Guitars are real and plugged through amp modellers, rest is virtual. Not many EQs in use, I have limited mixing knowledge so I do not even know how to mix reference... I will find more info about it


----------



## shawnsingh (Dec 9, 2019)

Bullersten said:


> Guitars are real and plugged through amp modellers, rest is virtual. Not many EQs in use, I have limited mixing knowledge so I do not even know how to mix reference... I will find more info about it



Definitely don't worry about limited mixing knowledge, it'll come =) Mix referencing is not anything technical, it's just the concept of comparing your mix to something you like the tone and mix already and that you believe is well produced. Having a handful of mix reference tracks to hear spontaneously is valuable to help remove a lot of psychological bias and poor room acoustics problems from the mixing equation. Just try to mix to have a similar tone and balance to something you like. Here's a random metallica track

So if you recorded the guitars DI and used amp modelling, I'd say the mix aspects of it are all under your control, which may come in handy.

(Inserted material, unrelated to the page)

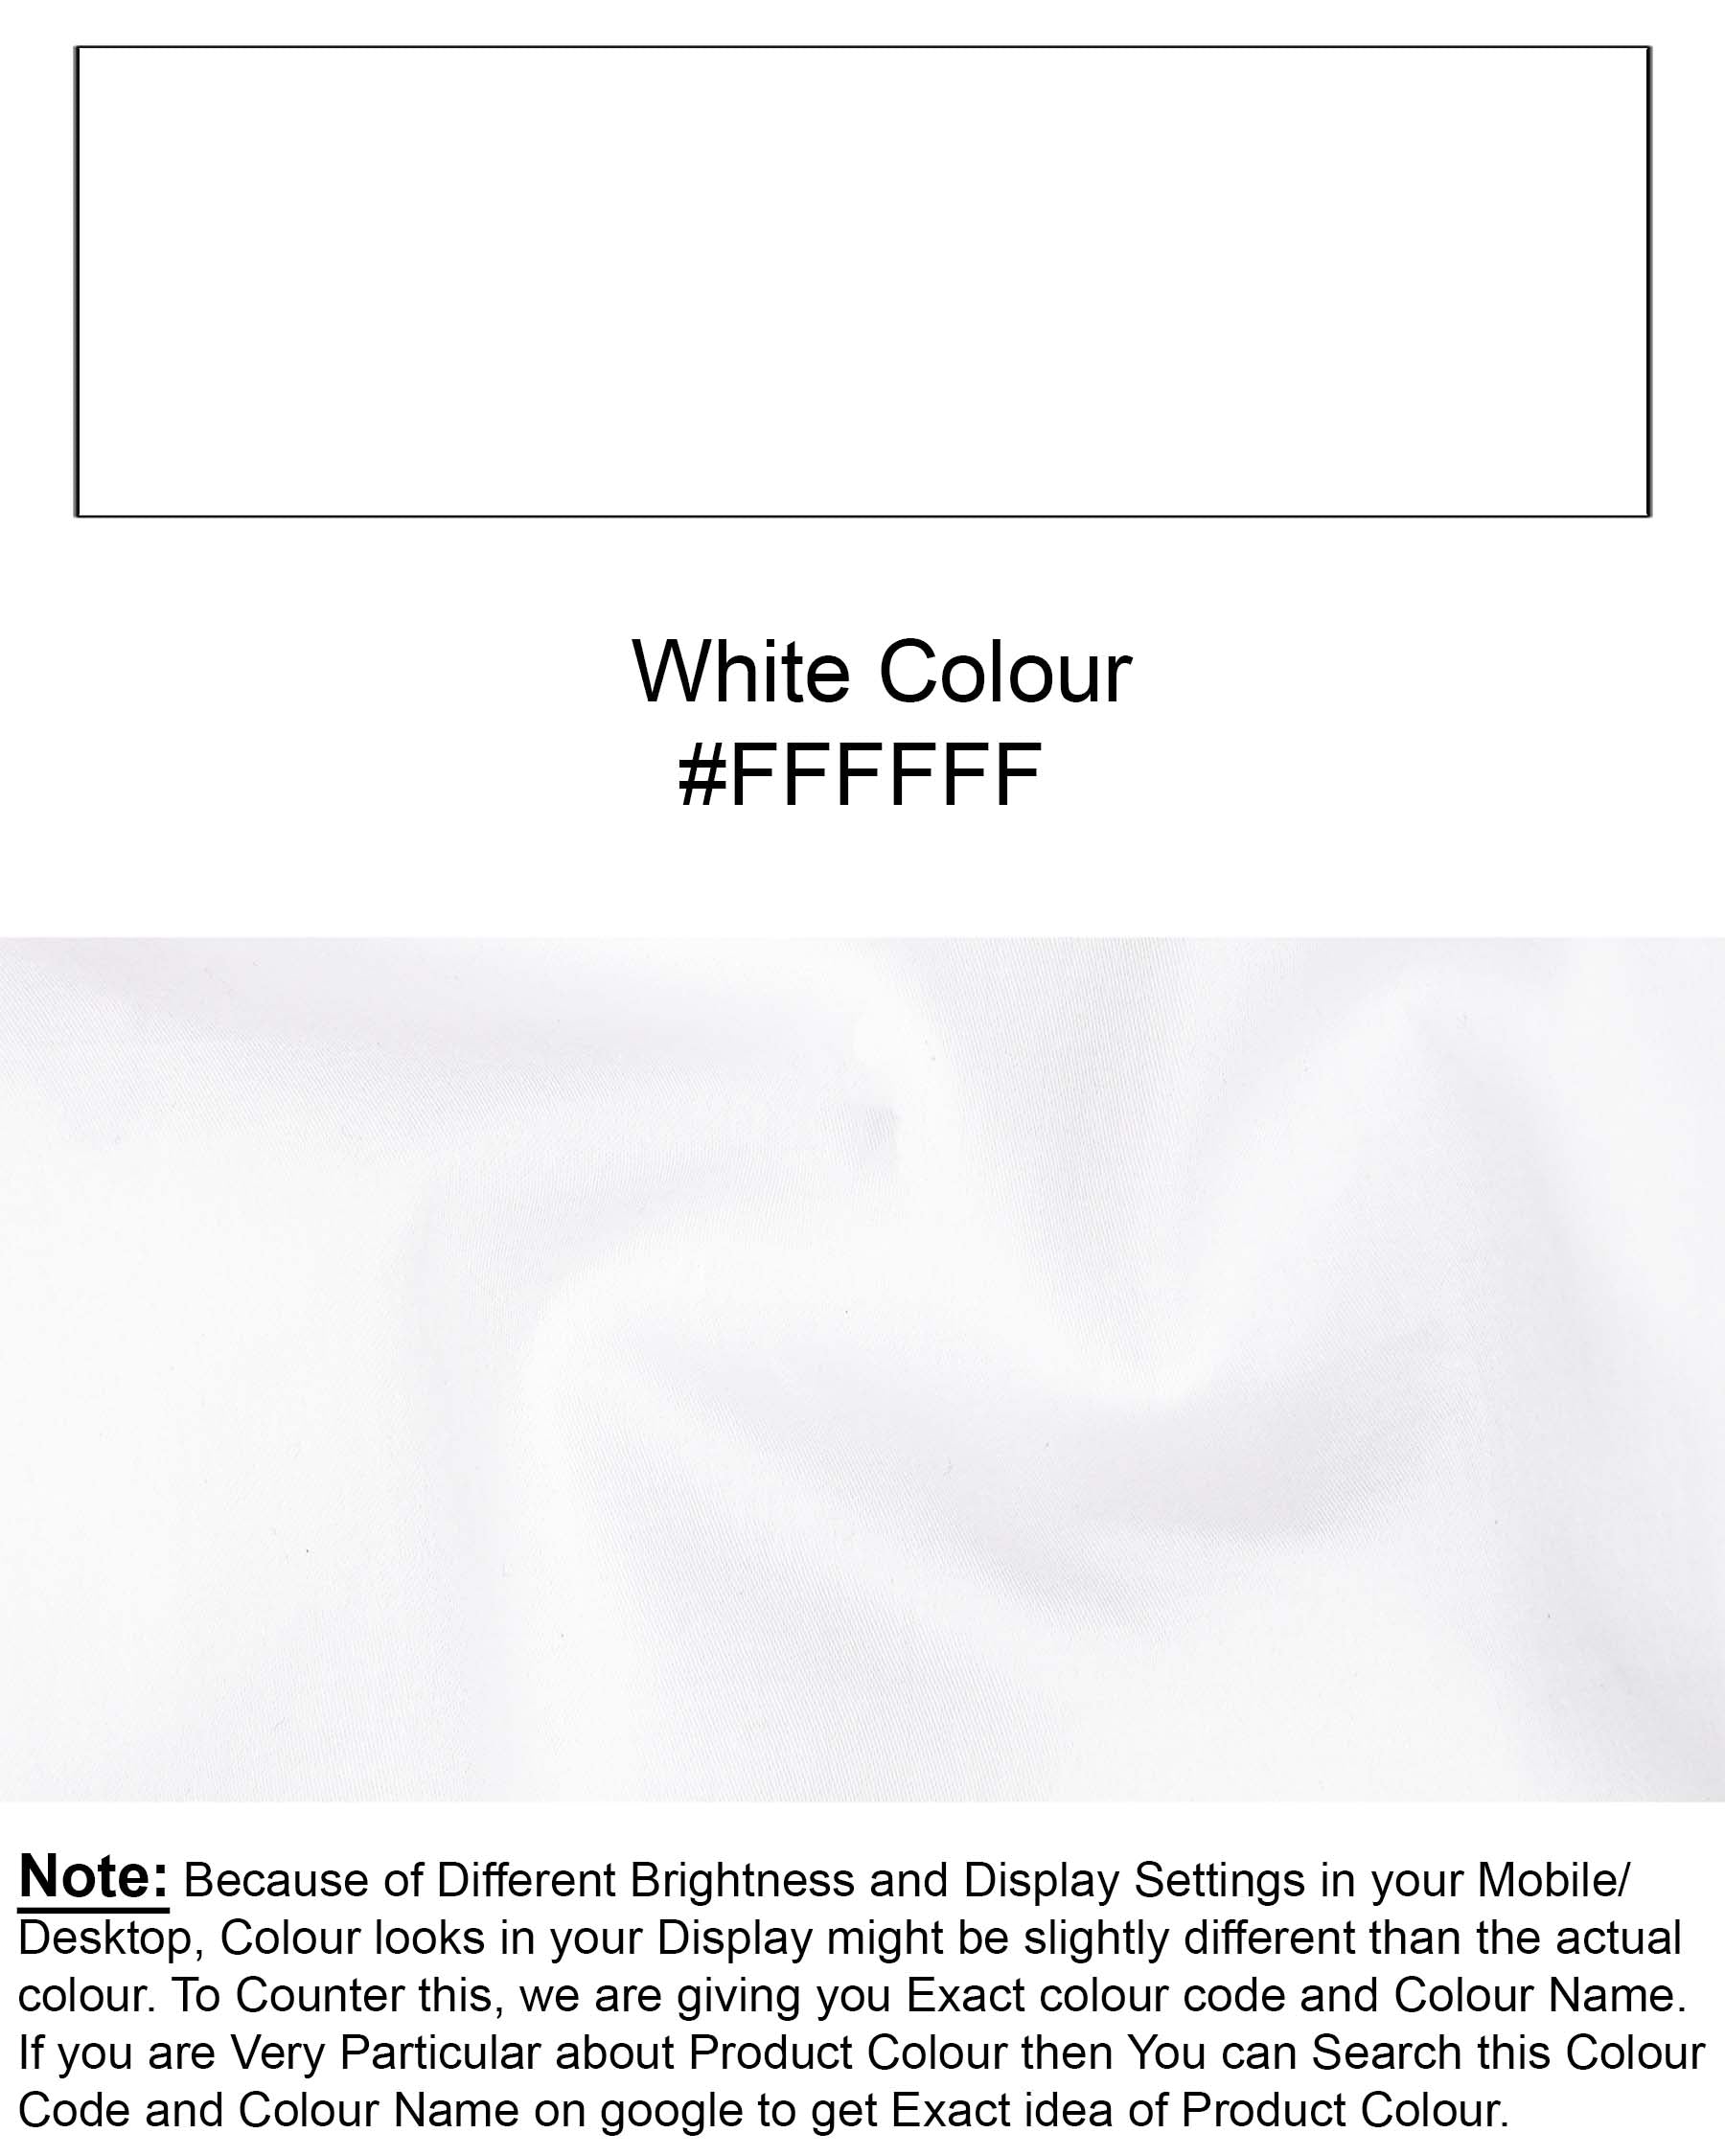 Bright White Side Pockets Super Soft Premium Cotton Shirt 7474-M-BLK-P365-38, 7474-M-BLK-P365-H-38, 7474-M-BLK-P365-39, 7474-M-BLK-P365-H-39, 7474-M-BLK-P365-40, 7474-M-BLK-P365-H-40, 7474-M-BLK-P365-42, 7474-M-BLK-P365-H-42, 7474-M-BLK-P365-44, 7474-M-BLK-P365-H-44, 7474-M-BLK-P365-46, 7474-M-BLK-P365-H-46, 7474-M-BLK-P365-48, 7474-M-BLK-P365-H-48, 7474-M-BLK-P365-50, 7474-M-BLK-P365-H-50, 7474-M-BLK-P365-52, 7474-M-BLK-P365-H-52

I did a quick search for 2 minutes and found this video at 46:40 has a more open clear sound that I think you might want. Especially for the orchestra, but then it follows that the guitars should be a bit brighter too.

Also, I can't tell if you updated the soundcloud link - it actually feels like it improved, but maybe that's just a mind trick? I'd still feel it should be a bit brighter, but the kick/bass/snare feel pretty nicely balanced now.


----------



## shawnsingh (Dec 9, 2019)

oops pressed send too soon, I also meant to say, I'm enjoying this track


----------



## Bullersten (Dec 9, 2019)

shawnsingh said:


> Also, I can't tell if you updated the soundcloud link - it actually feels like it improved, but maybe that's just a mind trick? I'd still feel it should be a bit brighter, but the kick/bass/snare feel pretty nicely balanced now.

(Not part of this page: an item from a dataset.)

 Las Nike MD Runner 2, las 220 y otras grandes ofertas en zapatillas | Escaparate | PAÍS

Thanks for the link, I find the mixes in the symphonic metal genre very clear and bright indeed. But I do like a Live feel in Rock tracks which would be missing if I went for this level of polishing. Not that I would be capable of achieving it anyway =:]

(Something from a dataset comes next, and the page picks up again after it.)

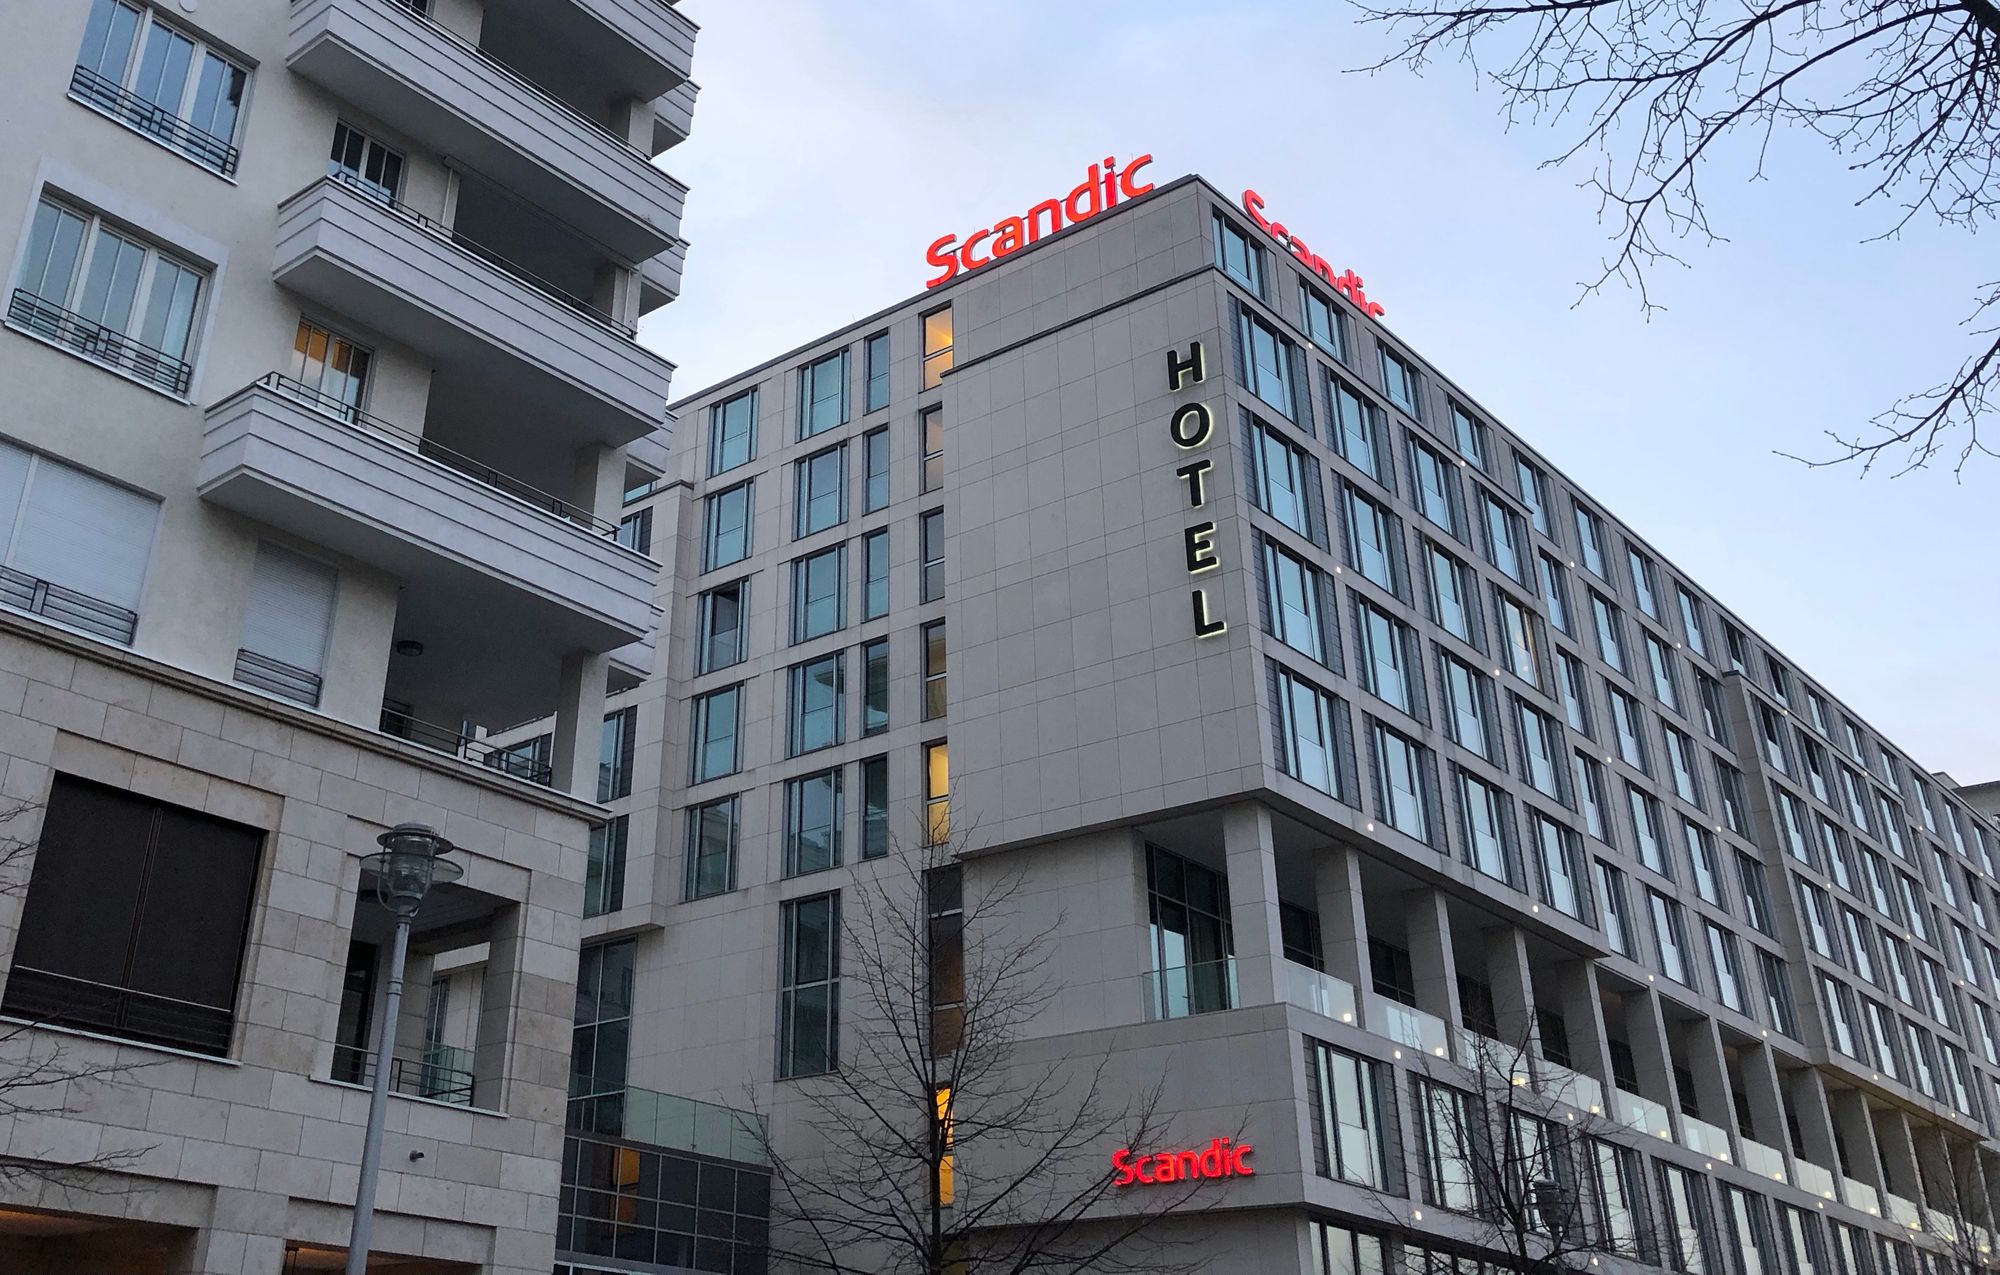 		Scandic Hotels ab 79€ buchen

The soundcloud track was updated, so it is definitely not a trick. I re-recorded some guitar parts and took care of some of the sonic battles I had in the low end (Double bass vs Kick drum vs Bass vs Rhythm guitar...) using MichaelVakili's great tips. It could definitely be brighter, I would need to comb through the sections to find out where the low-mid conflicts happen and adjust.


----------